I have always believed that it was my great good fortune to spend the first part of my life as a nitwit, and to have stayed in my hometown, where my limitations and peculiarities would always be in the air. The feeling you got by such persistence, of enlargement and occupying space, greatly outweighed the disadvantages of whatever you were known for. I could tell when I ran into my old teachers that they still viewed me as a dunce. Though I had become a good student by the end of my high school years, you never get a second chance to make first impressions.

Jinx was clearly more grounded than I. I didn’t mind this discrepancy because I seemed comfortable at my own particular altitude believing as I did that a certain lack of attachment to the world yielded its own benefits. For example, sometimes Jinx and I cooked for each other: I got out a cookbook and followed the dotted line; Jinx looked into her refrigerator and winged it. She didn’t know why I made a federal case out of cooking a meal; I didn’t know why she set out on a course prone to failure, or at least lacking the authority of a cookbook. In short, Jinx was a real cook and I was not. Also, human beings were less mysterious to Jinx. When she found one of them up to no good, she simply took note without surprise. Injecting drama into the everyday was not her thing. As my mother’s son, I felt that we are always swept by a mighty wind.

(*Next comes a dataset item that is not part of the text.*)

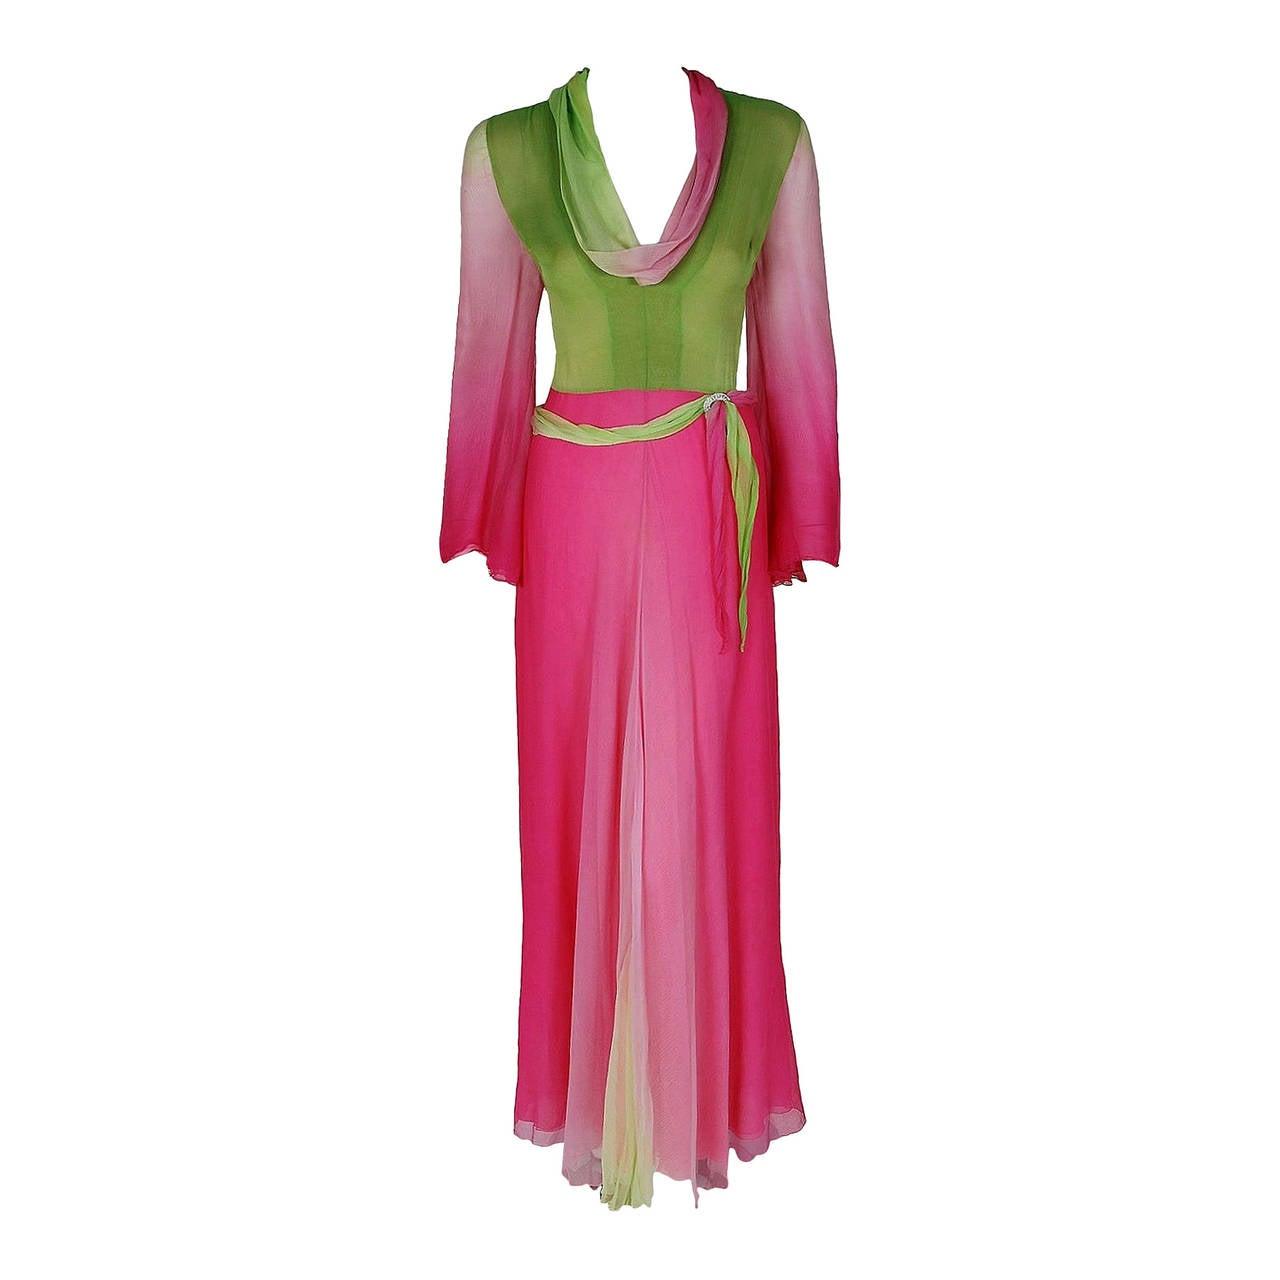 1970's Pauline Trigere Pink & Green Ombre Silk Chiffon Bell-Sleeve Goddess Gown 1

We were taking our lunch in the city park. Jinx ate a sandwich with one hand, holding her binoculars in the other to watch some hawks that in turn were studying the pigeons collected around the waterworks. I sat at the base of a tree, carefully prying open my sandwich to study its contents. It bothered me that I couldn’t remember what I had put in there that very morning. It turned out to be some kind of processed ham and Swiss cheese, also processed, with Miracle Whip and a piece of iceberg lettuce.

She said that this internal investigation of possible malpractice had been instigated by the board of directors.

“Wilmot?” I asked.

“What’s his problem with you?” Jinx asked.

“I wish I knew.”

“Wasn’t he your patient?”

“Yes. He still is. He was married to a wonderful girl, Adrienne.”

“Is that it?”

“Well, sure.”

“I get it,” said Jinx. “He’s embarrassed.”